It's a safe bet that tapping into your retirement nest egg early is not your first choice even when facing financial hardship. Unfortunately, sometimes withdrawing money from an IRA, 401k or similar plan is the only choice. Normally the IRS imposes a 10 percent penalty for early withdrawals. However, you may be able to withdraw funds without penalty for certain reasons.
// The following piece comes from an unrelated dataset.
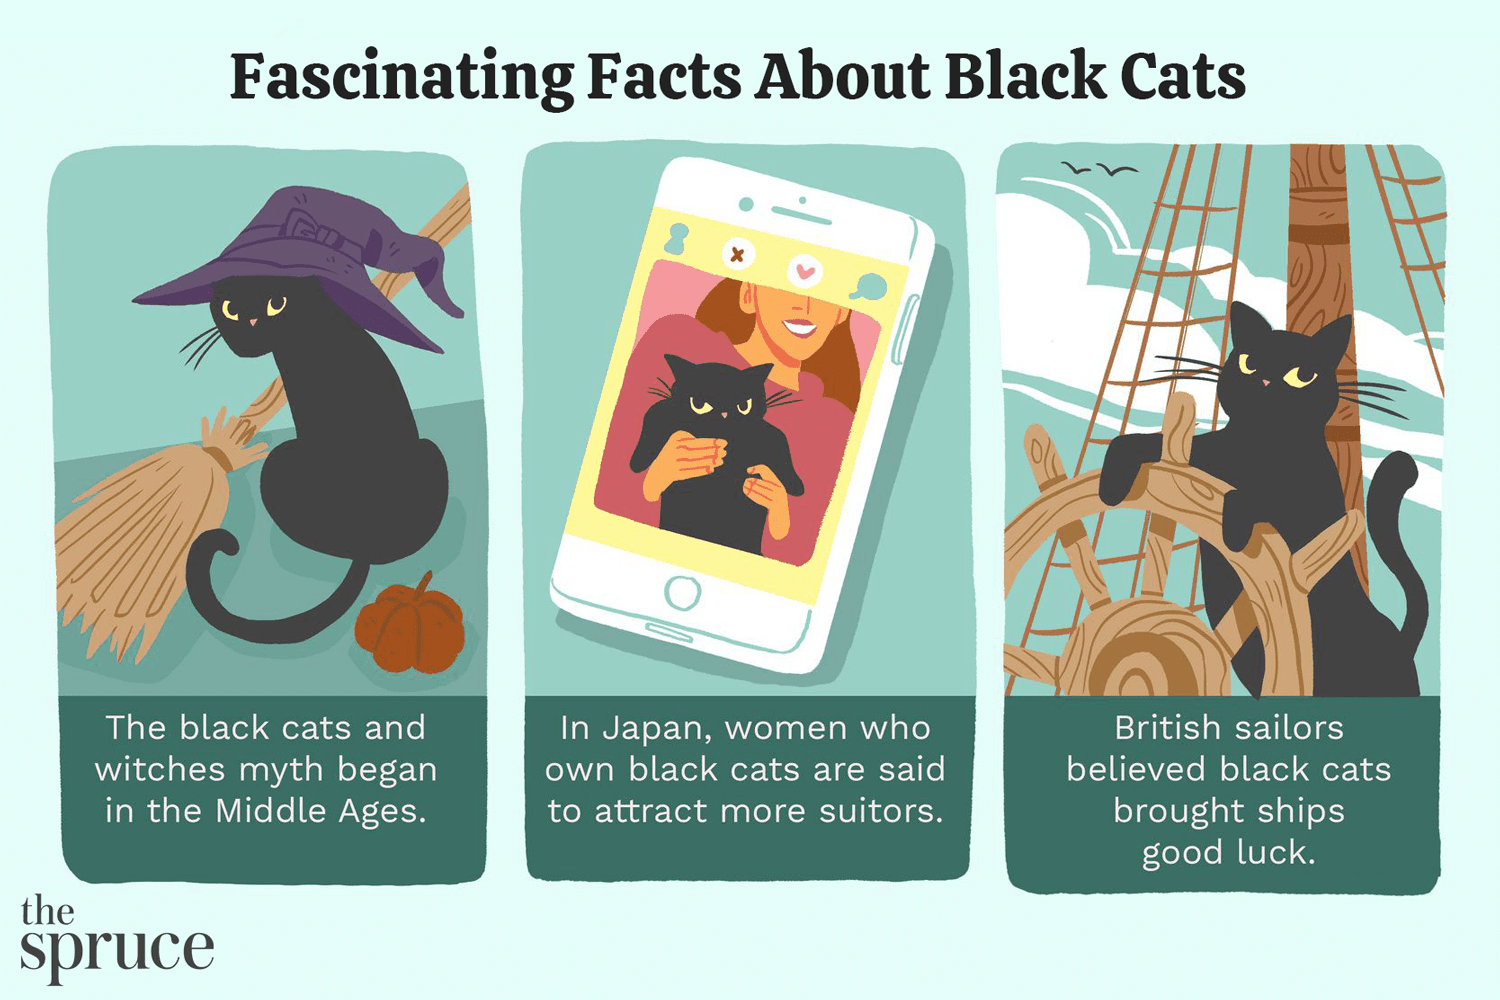 5 Pawsitively Fascinující fakta o černých kočkách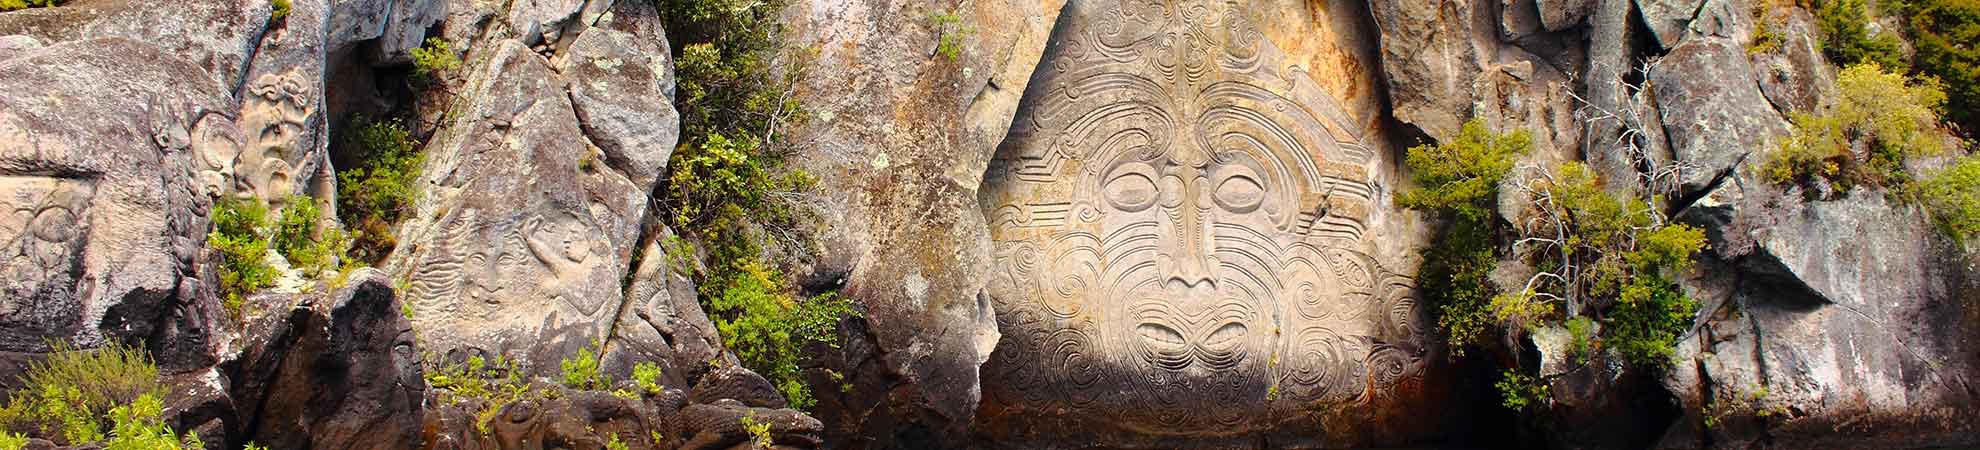 Découvrir la culture et l'histoire maorie pendant votre séjour en Nouvelle-Zélande

You are supposed to leave money in a 401k or Individual Retirement Account until you reach 59 1/2 years of age. Funds withdrawn early are subject to ordinary income taxes plus a 10 percent penalty tax. This restriction does not apply to contributions made to a Roth IRA or Roth 401K account, which may be withdrawn at any time. However, a Roth account must be open for at least five years even if you are past the age limit, or taking out earnings will be considered an early withdrawal.
The IRS definition of hardship is fairly limited. The financial need must be severe and urgent. Beyond this general principle, hardship withdrawals that may be exempt from the penalty tax are limited to a few specific categories. A hardship distribution may not exceed the amount of the financial need plus applicable federal and other taxes. The funds may not be paid back at a later time. If you have an IRA, you can get the penalty tax waived for hardship distributions that meet IRS guidelines. However, that is not necessarily true of 401k plans. With a 401k, the plan may or it may not allow withdrawals under a hardship rule at all, or it may not allow a waiver of the penalty tax. The plan provider and/or sponsoring employer is allowed to make that determination.
Health Related Hardship
All IRAs and many 401k plans allow waiver of the 10 percent penalty tax for qualified health related reasons, although you still must pay income taxes on the withdrawn money. If your health insurance does not reimburse medical bills exceeding 7.5 percent of your adjusted gross income, you can use retirement plan funds to pay the amount in excess of 7.5 percent. You can also pay health insurance premiums while out of work if you receive unemployment benefits for at least 12 weeks. If you die, the beneficiary can withdraw the money with no penalty unless the beneficiary is a spouse who treats the plan as her own. Finally, if you are permanently and completely disabled, the penalty tax can be waived.
Although there are other allowed hardship distribution categories, 401k plans often will not waive the penalty tax for them. One exception is the purchase or repair of a home (or to prevent eviction). However, you will probably have to exhaust any options you have for borrowing from a 401k first to avoid the penalty. You may withdraw money to pay higher education expenses, to pay funeral costs for a family member or to pay for an IRS tax levy. You can set up a series of substantially equal annual payments before you reach age 59 1/2 to provide income. Such an arrangement must be for at least five years or until you turn 59 1/2, whichever is the longer time period.